Двор, правда, пока не обустроен — один сарай, но нет еще ни пилевни, ни бани, ни птичника… однако бревна уже привезены, вон, лежат аккуратненько. Весной, видать, в марте еще рубили, пока соки не пошли… такие бревнышки не гниют.
Молодая супружница Егора — высокая, несколько тощеватая по местным меркам, девчонка лет шестнадцати с милым курносым лицом, при виде мужа и гостей улыбнулась, сошла с крыльца, поцеловала благоверного в уста, гостям же поклонилась в пояс. Справная девка, в длинной, до пят, юбке, полотняной рубахе с вышивкой, жилеточке — уж точно, не русской, чудинской. Волосы под повойник убраны, да не шибко еще умело — торчит веселая белесая прядь, на лоб, на глаза падает, от того Эйна стесняется, украдкой пытается сдуть непокорный волос. Смешная. А глаза-то у нее — синие-синие, как васильки-цветочки.
Еще раз поцеловав мужа, Эйна приветливо улыбнулась:
— Пожалуйте в избу.
Олекса вдруг застеснялся пуза своего голого, ног босых, в цыпках, в сенях потянул хозяина за рукав:
— Егорий… нам бы это… рубаху какую — наготу прикрыть, а то срамно.
— Дам, дам вам рубахи… Уж какие есть… Входите, входите.
Перешагнув высокий порог, гости оказались в горнице. Собственно — вся изба представляла собой одно большое жилое помещение: слева — глинобитная, на широком поду, печь — естественно, топившаяся по-черному, справа, у небольшого оконца — широкие лавки вдоль стен, сколоченный накрепко стол, прялка, рядом — деревянный ткацкий станок, в красном углу — иконы, чуть дальше, за печью, — ложе с набитым свежей соломой матрасом. Никакого потолка, конечно, в те времена еще не было — так и поднимались стрехи, крыша — туда, в специальное отверстие, и уходил дым, да еще — в расположенные под самой крышей волоковые оконца. У печи стоял ухват, в углу, над наполненной водою кадкой, в железном светце уютно горела лучина.

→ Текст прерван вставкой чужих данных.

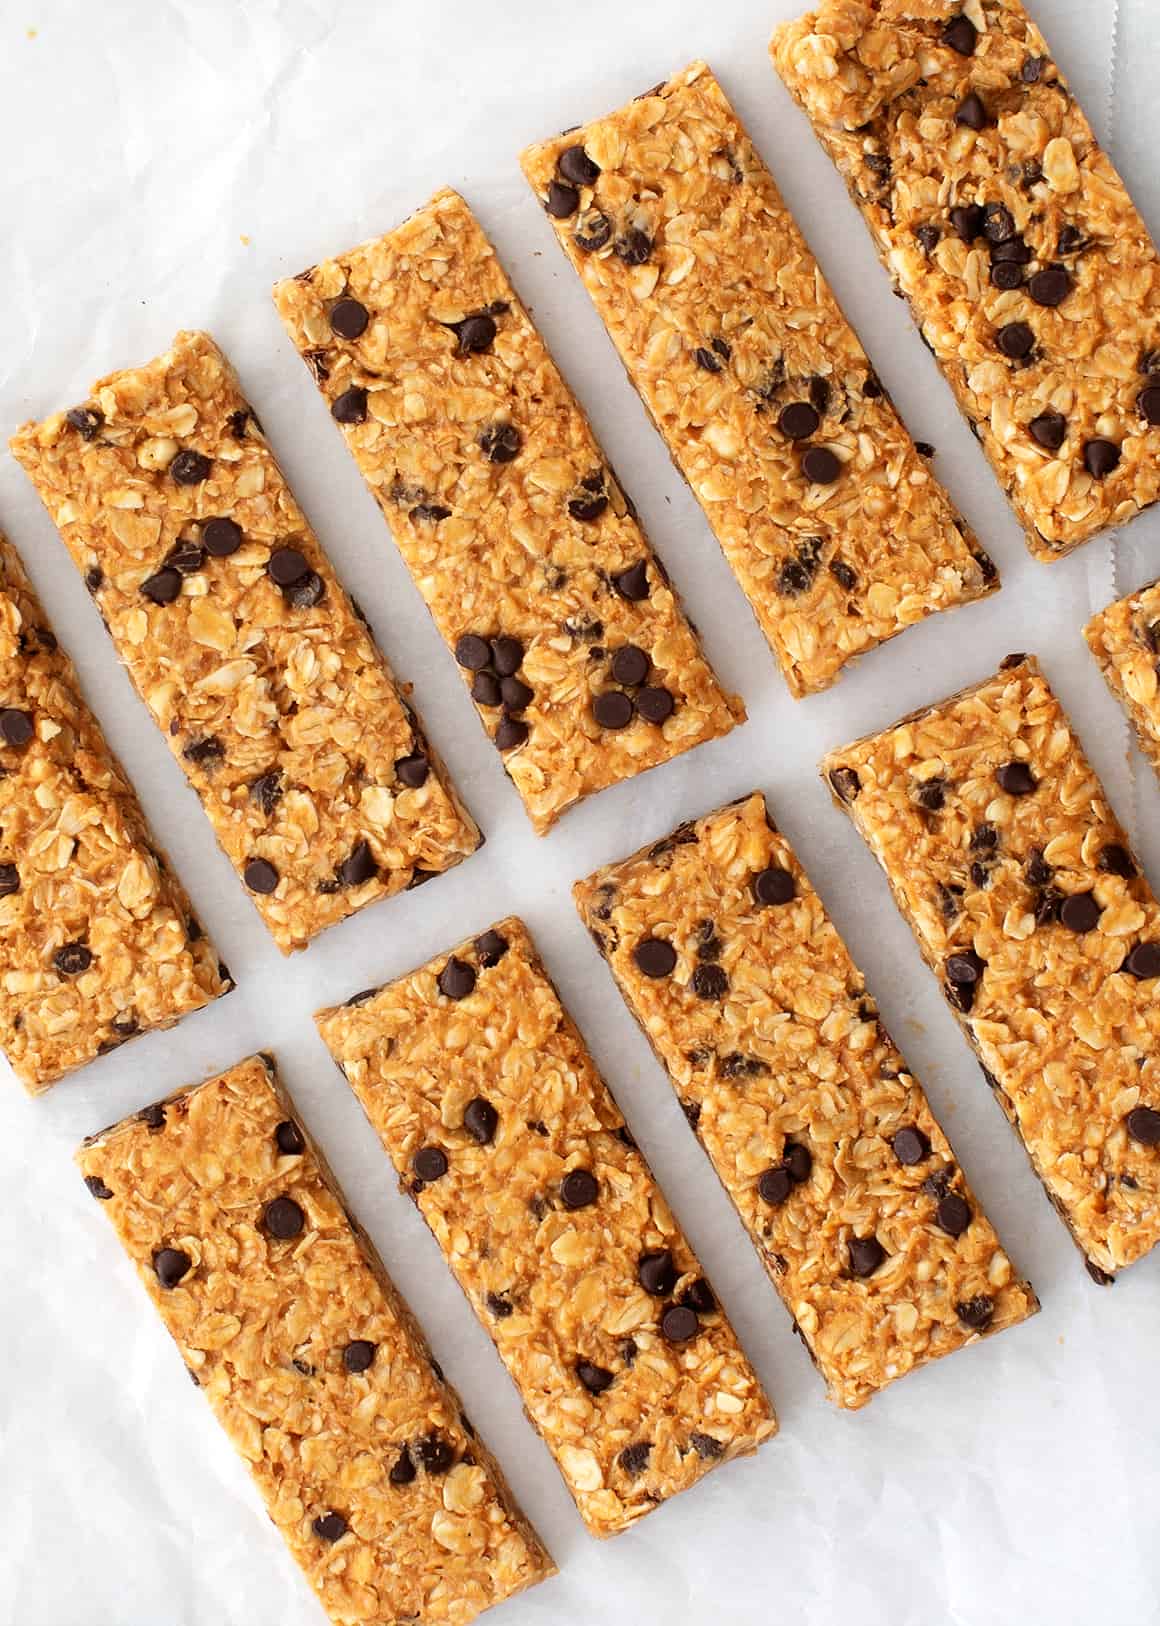 easy homemade granola bars recipe delicious and nutritious snack for on the go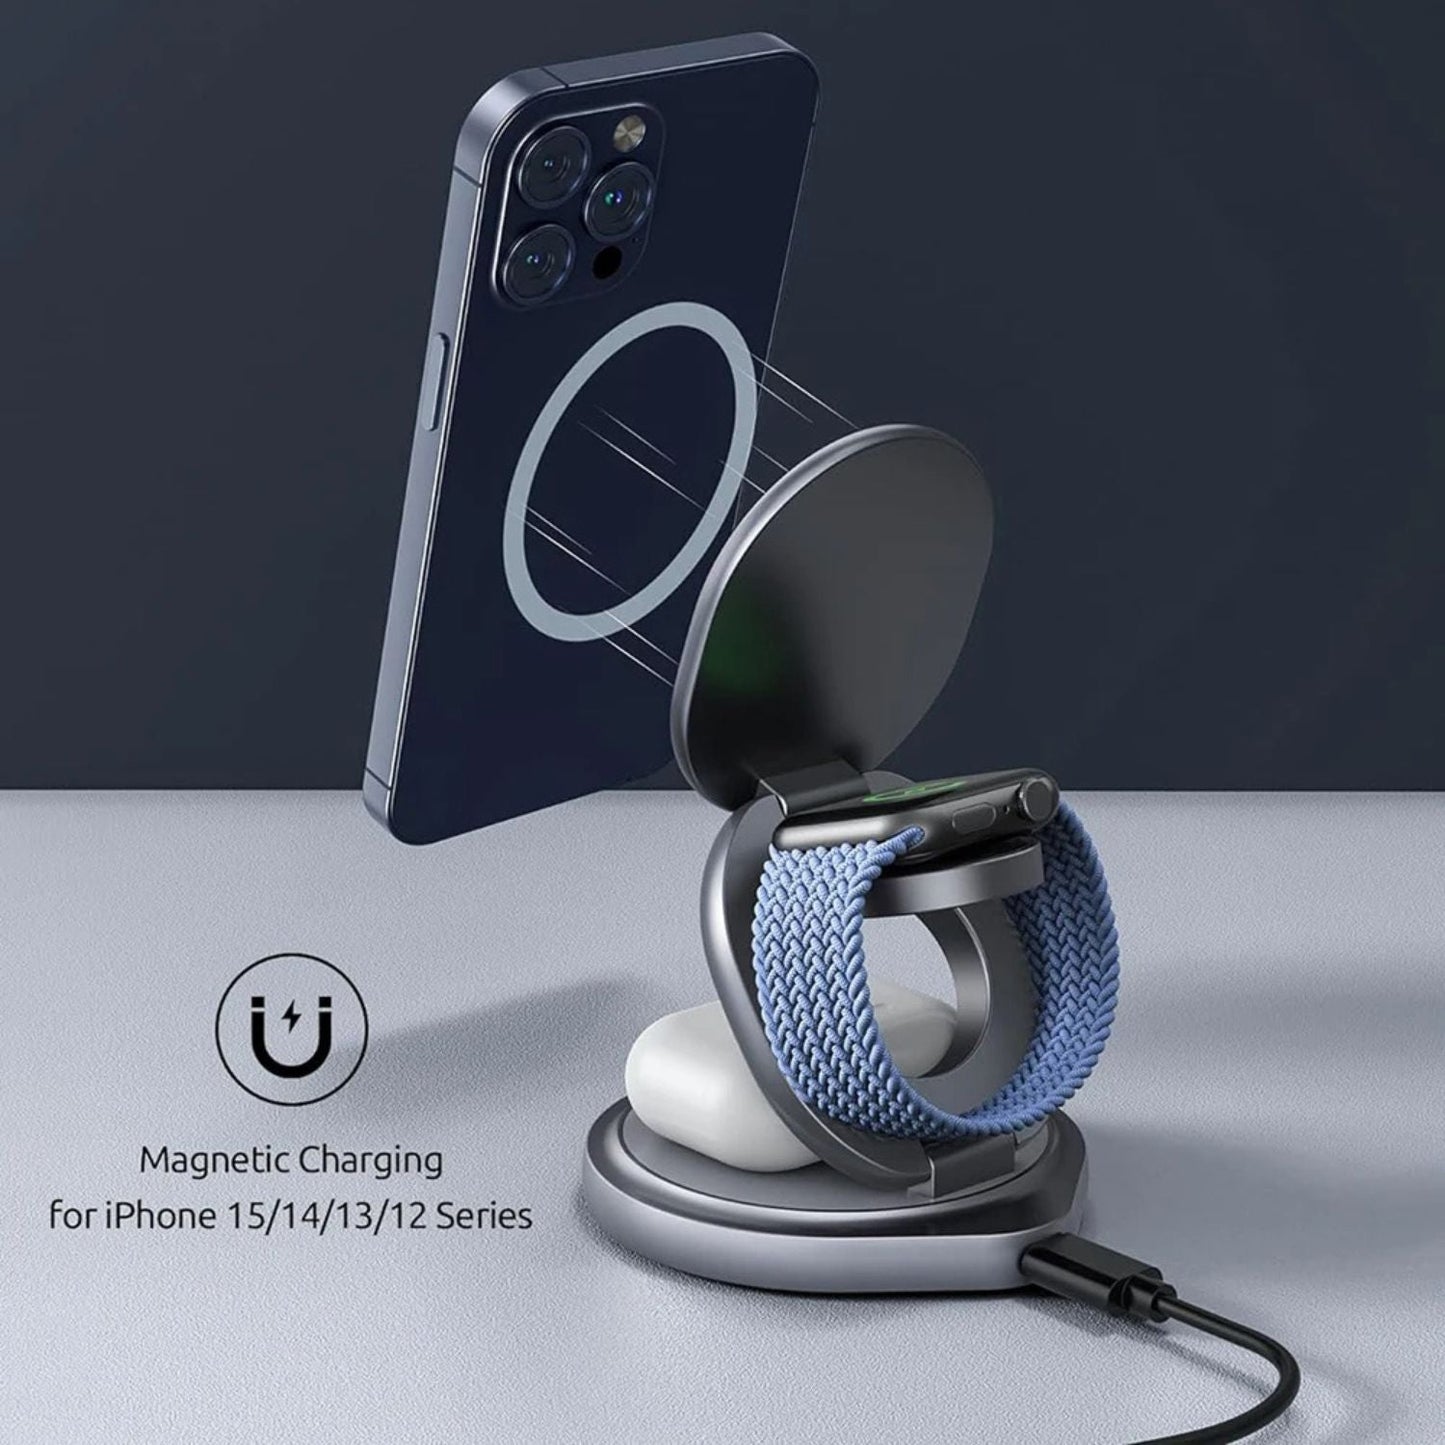 ChargePal Trio: The Ultimate Rotating Charger

Вытащив из-под лавки сундук, Егор распахнул крышку:
— Посейчас вам рубахи сыщем… Вона! Одевайтеся, да поговорим, покуда супружница ушицу спроворит.
Путники не заставили себя долго упрашивать, быстро натянули любезно предложенные хозяином рубахи, а вот насчет обуви, увы… ну, не брать же с собой резиновые сапоги и кеды? Пришлось там, на островке, оставить.
Пока Эйна возилась во дворе у летней кухни, гости и хозяин степенно беседовали, лениво потягивая квасок из голубики с черникой. Или лучше сказать — морс. Больше говорил Ратников, умело уводя нить разговора в сторону от Торопца, где ни он сам, ни Олекса отродясь не бывали. Поговорили про погоду, про лихих людей — «шильников», — потом Миша принялся рассказывать про Господин Великий Новгород, где бывал якобы по торговым делам.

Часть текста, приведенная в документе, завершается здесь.